Feature selection using RF Regressor and feature importance algorithms was used to rank important features. Please refer to Table S1 for the feature importance values of each wavelength.

3.3. Optimal wavelengths selection using PCA Loading

Table 1 summarises the PCA loadings results of the three MPs. The loadings plots (Fig. S4a – S4c) were used to find the optimum wavelengths. It was seen from the PCA results that the first three PCs explained more than 70% of the total variance for all the three MPs (Table S5). The first three principal components explained 82% of the variance in the dataset for LDPE while for ABS and PET it was 79% and 73% respectively. This is an indication that the PCA model is a decent fit and the large complex multivariate data can be reduced to 3 principal components without losing much of the data (Jolliffe & Cadima, 2016). The PCA loadings plots were observed to narrow down on the most significant variables. A study by Sagar et al. (2021) states that in a large multivariate dataset there are many insignificant variables that are not needed for creating the forecasting model.

Table 1: Optimal wavelengths selected using PCA loadings.

Sample	Method	Cumulative percentage of Variance (%) explained in first 3 PCs	Wavelengths
LDPE	PCA Loading	82%	336, 398, 437, 684, 941
ABS	PCA Loading	79%	340, 369, 435, 543, 686
PET	PCA Loading	73%	358, 435, 543, 658, 683

In this study, PCA was also used as qualitative analysis. In previous studies, machine learning was used to quantify MPs but not classify them through vis-NIR spectroscopy (Huang et al. 2021). PCA classified LDPE and PET successfully (see Fig. S3) in this study. On the scores plot it can be seen that the LDPE and PET were on different quadrants which was further supported by Fig. 1 where the LDPE and PET lines were clearly separated. PET and ABS, on the other hand, were not so clearly separated.

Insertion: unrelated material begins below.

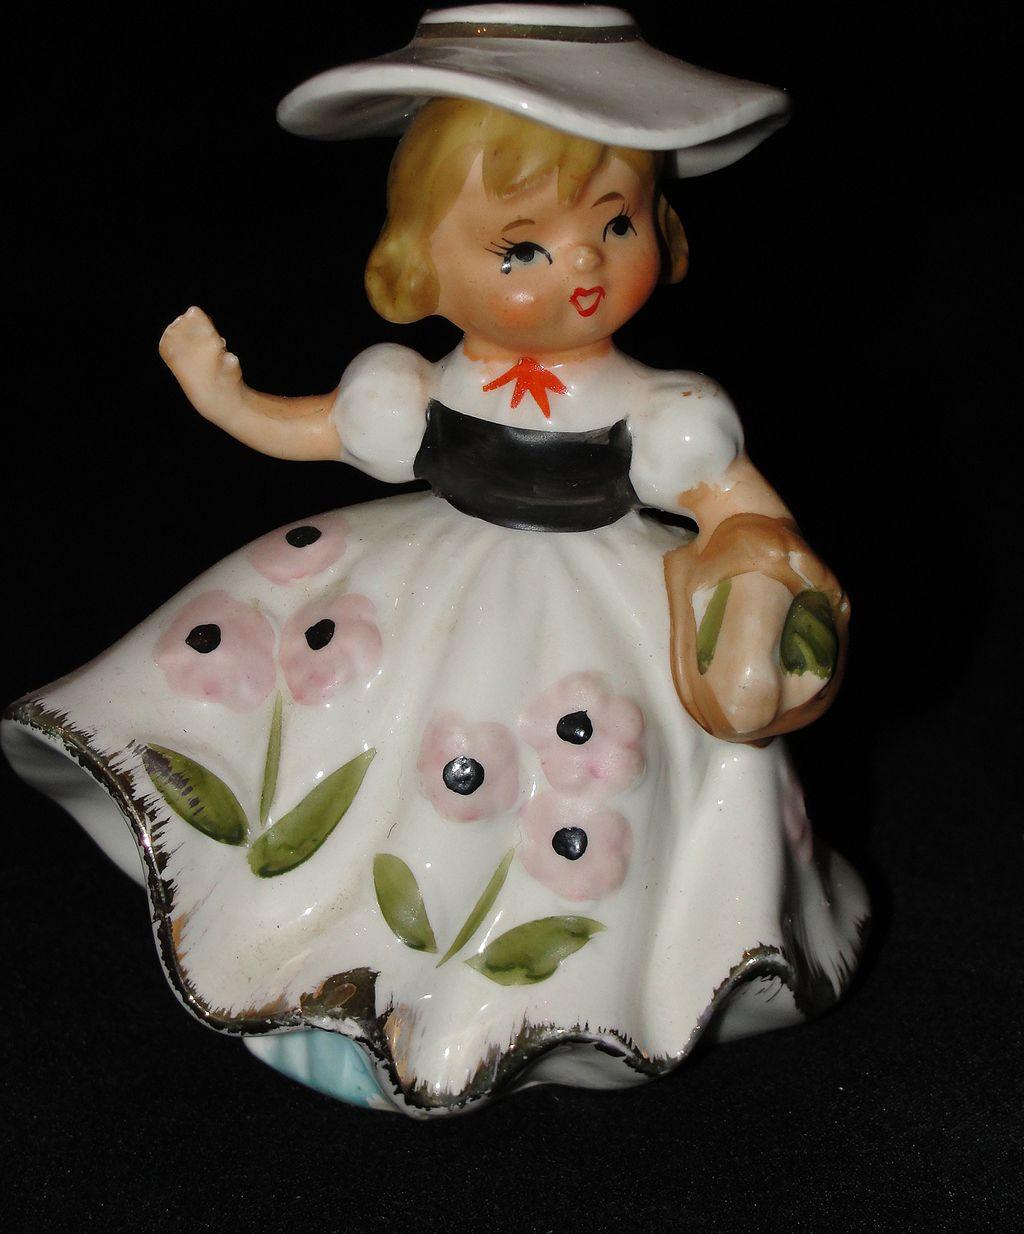 Vintage Southern Belle Ceramic Figurine
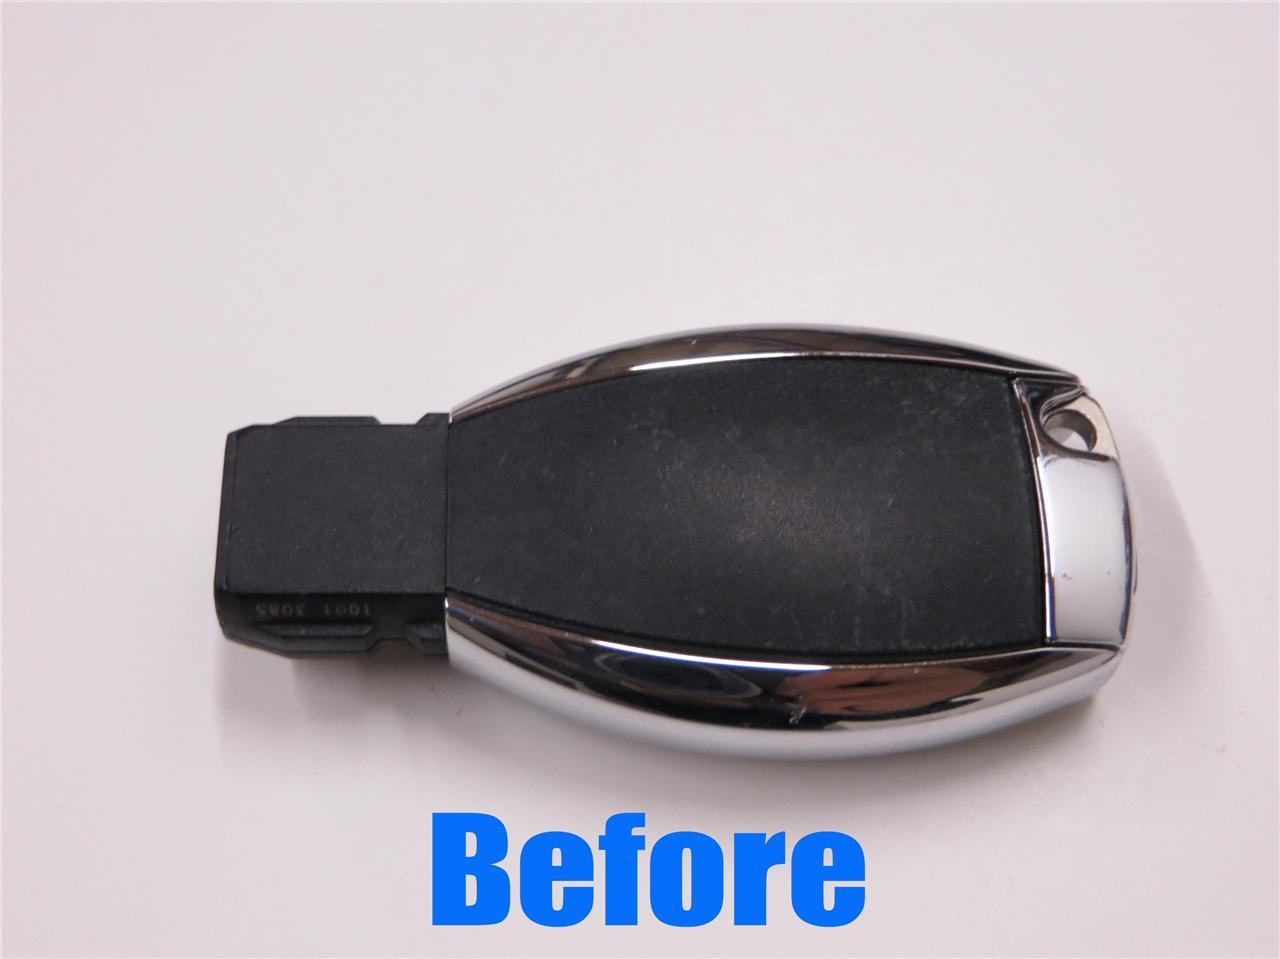 Carbon fiber mercedes benz car key decal sticker 2011 2012 for Mercedes benz car key

3.4. Predictive accuracy and optimum wavelengths of both methods

Table 2: RMSE, R2, and selected optimum wavelengths generated from polynomial regression models and Machine learning linear regression models.

	Polynomial Regression Models				Machine Learning Linear Regression Models
Sample	RMSE	R2	SD	Optimum wavelengths	RMSE	R2	SD	Optimum wavelengths
LDPE	0.0093	0.98	0.063	336, 398, 437, 684, 941	2.0	0.83	0.033	1072, 347, 776, 329,769
PET	0.014	0.98	0.014	358, 435, 543, 658, 683	2.7	0.66	0.040	333, 373, 372, 332, 327
ABS	0.0015	0.98	0.0078	340, 369, 435, 543, 686	1.7	0.86	0.056	367, 373, 338, 374, 346

Table 2 summarizes the regression plots developed by the two methods. The RMSE and SD values for the polynomial regression plots were smaller compared to the machine learning models. Additionally, the R² values were higher for the polynomial regression plots. The commonly selected optimum wavelengths were around 300, 500 and 600 nm for both polynomial and machine learning regression models.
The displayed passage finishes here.